Great question! Depending on the employer, this can certainly be one of those fields that you can get into without any college education and it can pay pretty well! It's dangerous work that requires a lot a specialized, plant-specific training to perform. There will be a lot of high-pressure situations that have strict timing requirements, and you will be making decisions in real-time often without guidance. It will also require you to work shift work since the plant in a sense never "closes."

Many employers will be looking for prior related mechanical experience. A power plant includes a lot of other equipment to make electricity, not just the generator. Other equipment includes pumps, compressors, blowers, valves, motors, etc.

If you have experience working on or operating those kind of things, that will get the attention of somebody looking to hire a power plant operator. If you have any experience running diesel or natural-gas generators, that will also go a long way in getting you the job. Navy experience often translates extremely well in this field, and you'll find a lot of ex-military folks working in this industry as a result.

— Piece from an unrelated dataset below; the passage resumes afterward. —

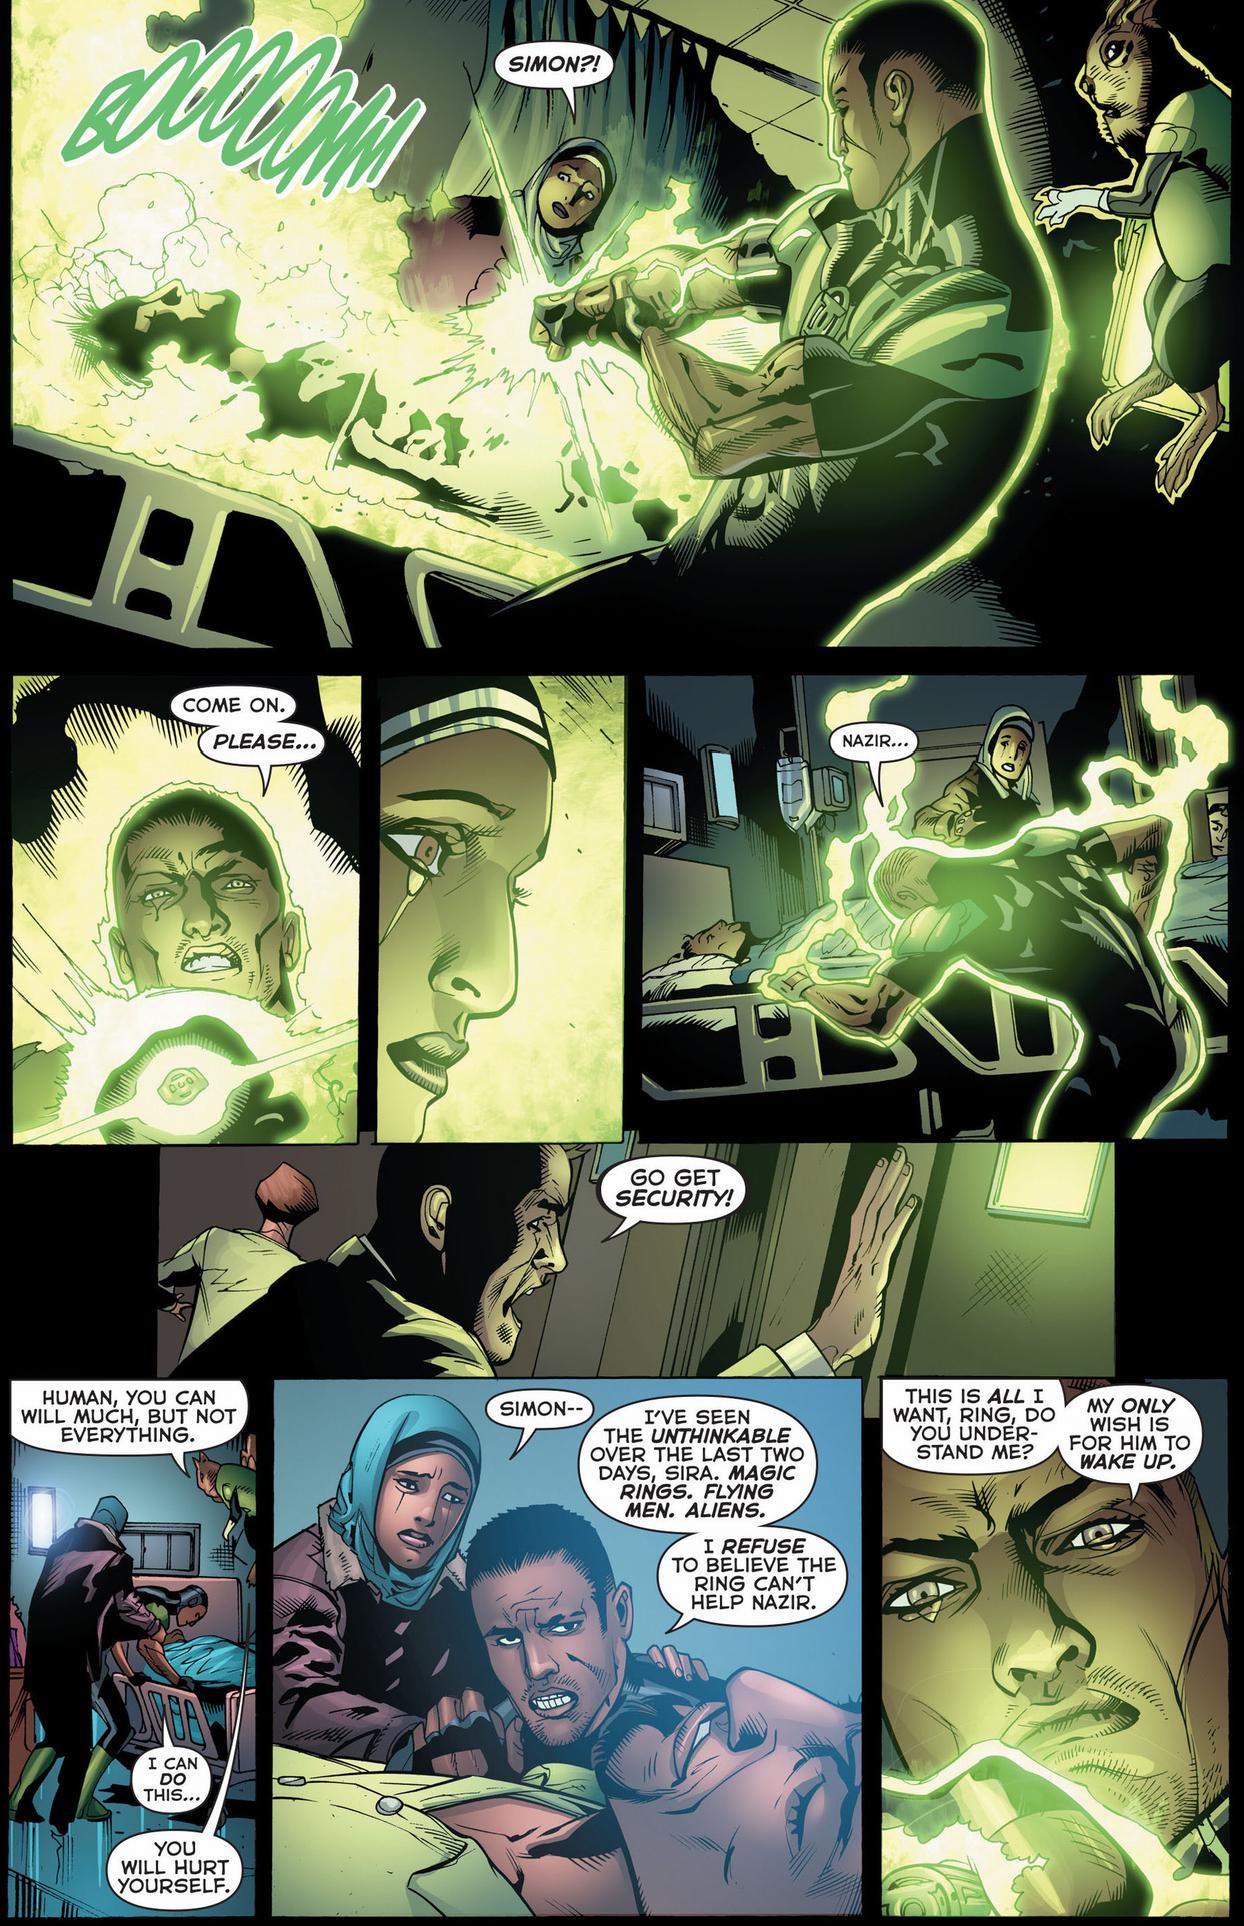 green-lantern-simon-baz-can-heal

It depends on the plant, but once you get hired, expect about 6 months to 2 years of training. This will most likely include some type of classroom material, computer-based presentations, and finally training in the field with a qualified operator at the plant. This operator will be like a mentor to you, showing you the right way to perform tasks as an operator and how to do the job efficiently. They'll evaluate you and over time will let management know that you are "ready," at which that point in time the management team will perform some type of "qualification interview" before letting you work independently.

The training varies from site-to-site, but that should be something close to what to expect. Good luck! I worked 14 years in that field and if you've got what it takes, you will definitely enjoy your time as an operator and the friends you'll make along the way!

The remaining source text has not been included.